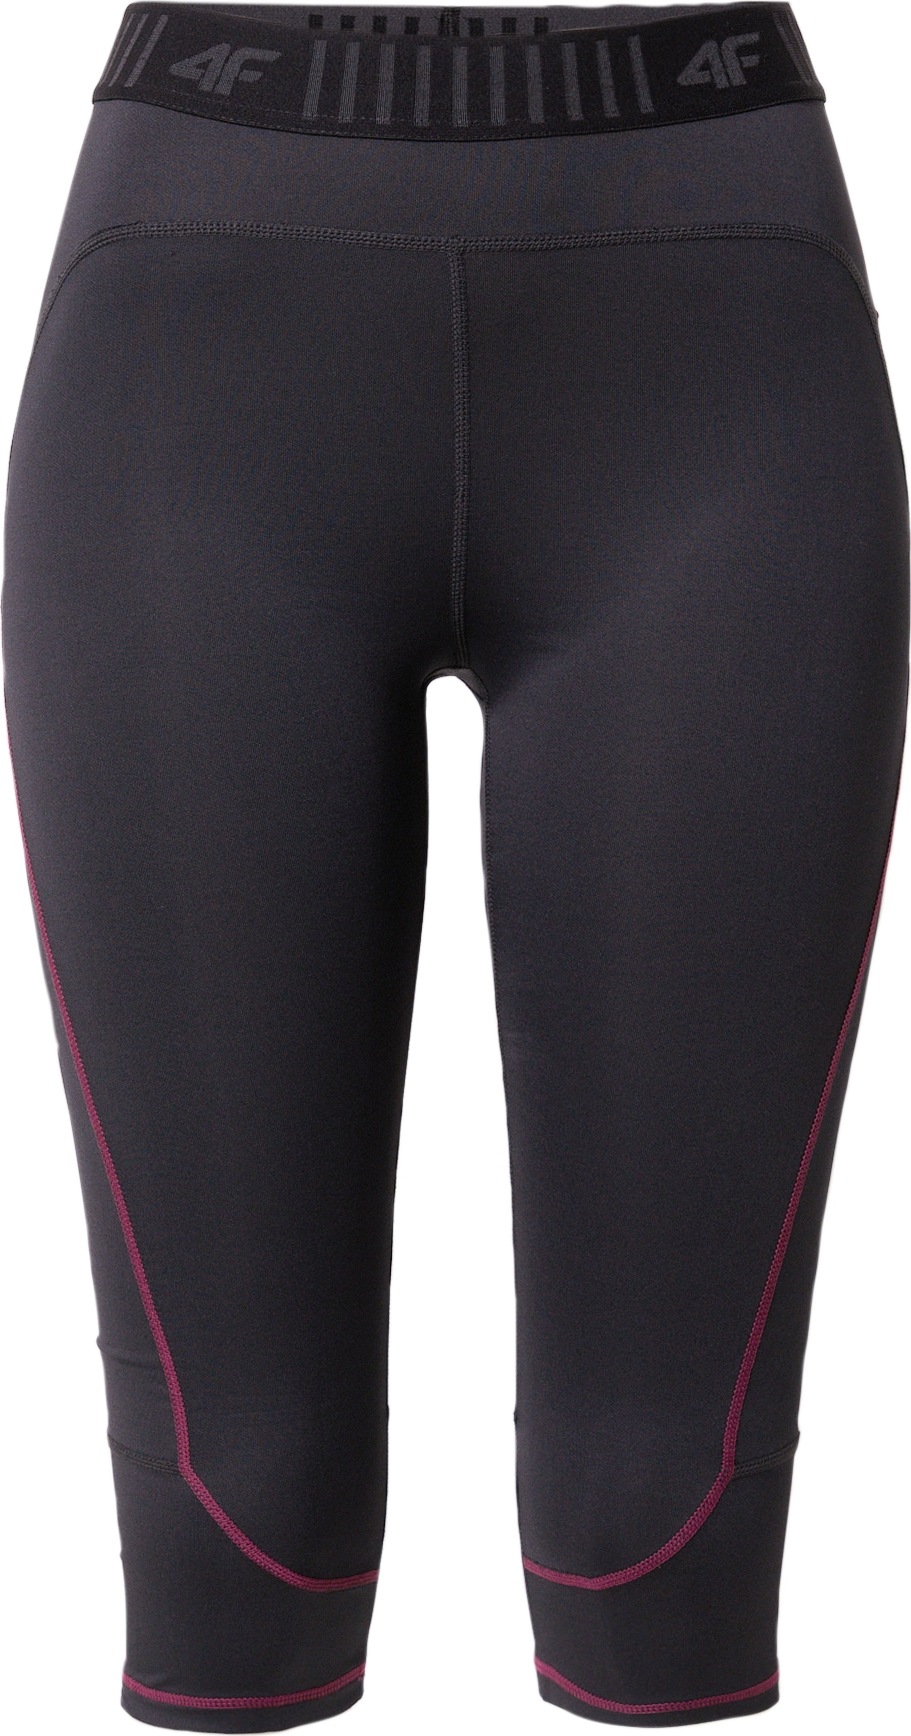 4F Sportovní spodní prádlo antracitová / pink / černá
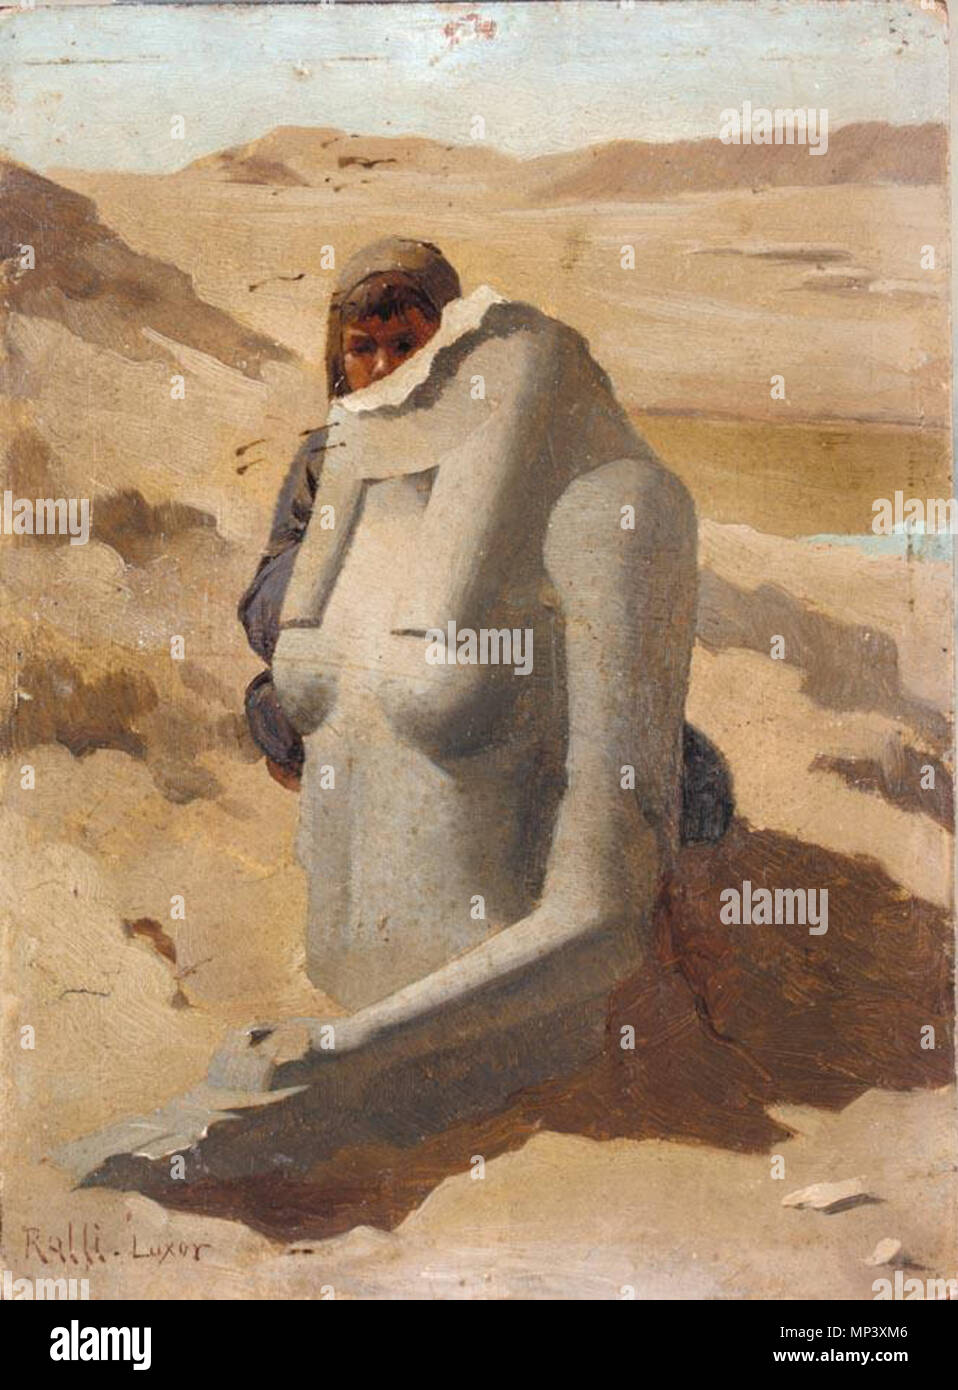 Se cacher derrière l'enfant, sculpture égyptienne Luxor . Φωτογραφία πίνακα κρύβεται Παιδί του πίσω αιγυπτιακό άγαλμα Λούξορ από,. Λάδι ξύλο Λοιπά : σε, 22 x 16 cm². Ιδιωτική συλλογή. . Άγνωστη αναγράφεται στον πίνακα (δεν). Ράλλης Θεόδωρος (1852-1909) 1186 Theodoros Rallis - enfant de se cacher derrière la sculpture égyptienne, Luxor Banque D'Images
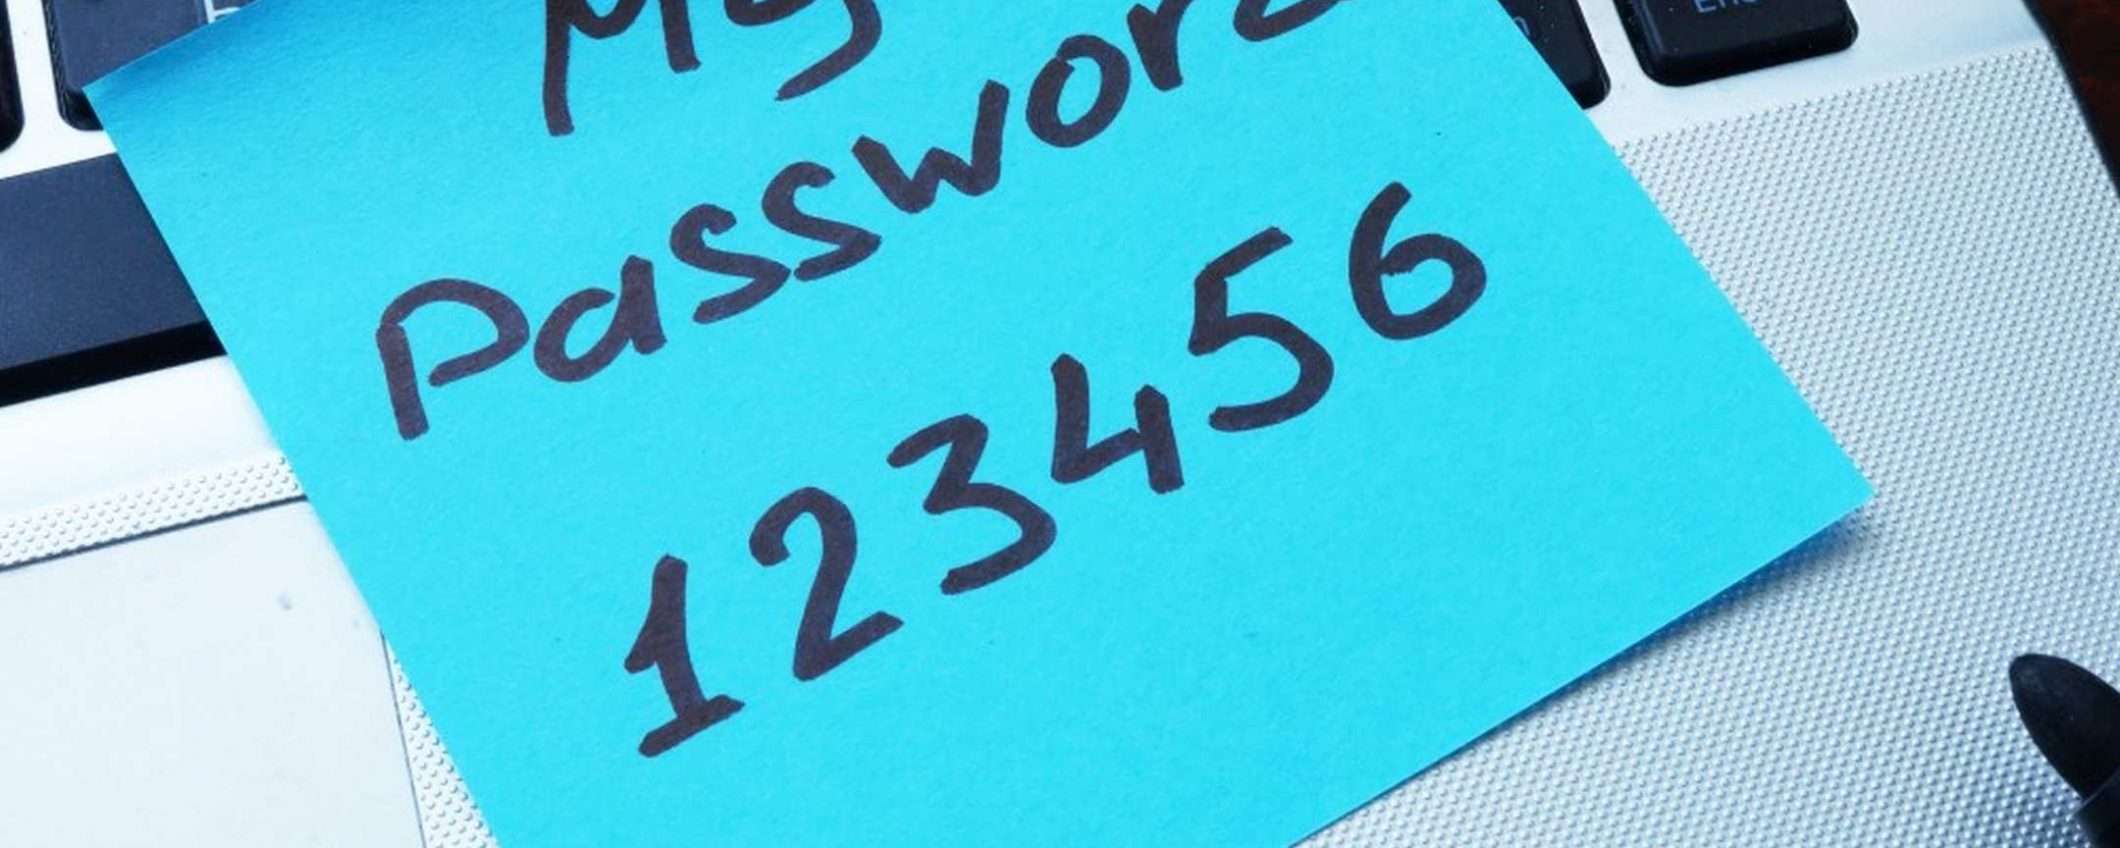 La tua password sicura? 4 trucchi per renderla a prova di hacker
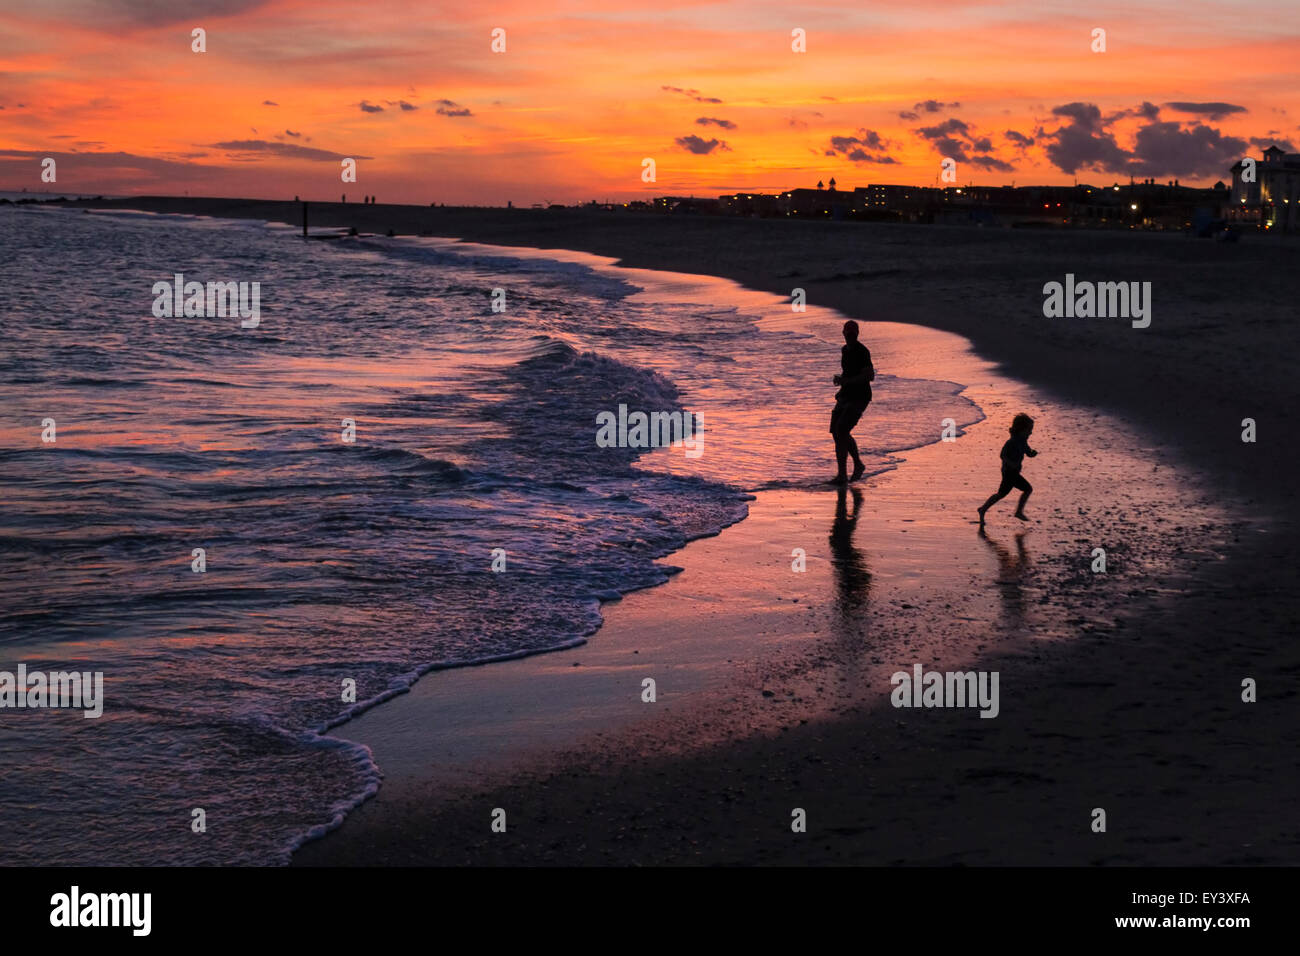 Vater und Sohn spielt auf einem sandigen Strand bei Sonnenuntergang. Stockfoto
□ □ □ □ □ □ □
**YOUR GOAL**
Repeat the data word for word, excluding any image.

**TASK ANSWER**
 4F Sportovní spodní prádlo antracitová / pink / černá
 Se cacher derrière l'enfant, sculpture égyptienne Luxor . Φωτογραφία πίνακα κρύβεται Παιδί του πίσω αιγυπτιακό άγαλμα Λούξορ από,. Λάδι ξύλο Λοιπά : σε, 22 x 16 cm². Ιδιωτική συλλογή. . Άγνωστη αναγράφεται στον πίνακα (δεν). Ράλλης Θεόδωρος (1852-1909) 1186 Theodoros Rallis - enfant de se cacher derrière la sculpture égyptienne, Luxor Banque D'Images
 La tua password sicura? 4 trucchi per renderla a prova di hacker
 Vater und Sohn spielt auf einem sandigen Strand bei Sonnenuntergang. Stockfoto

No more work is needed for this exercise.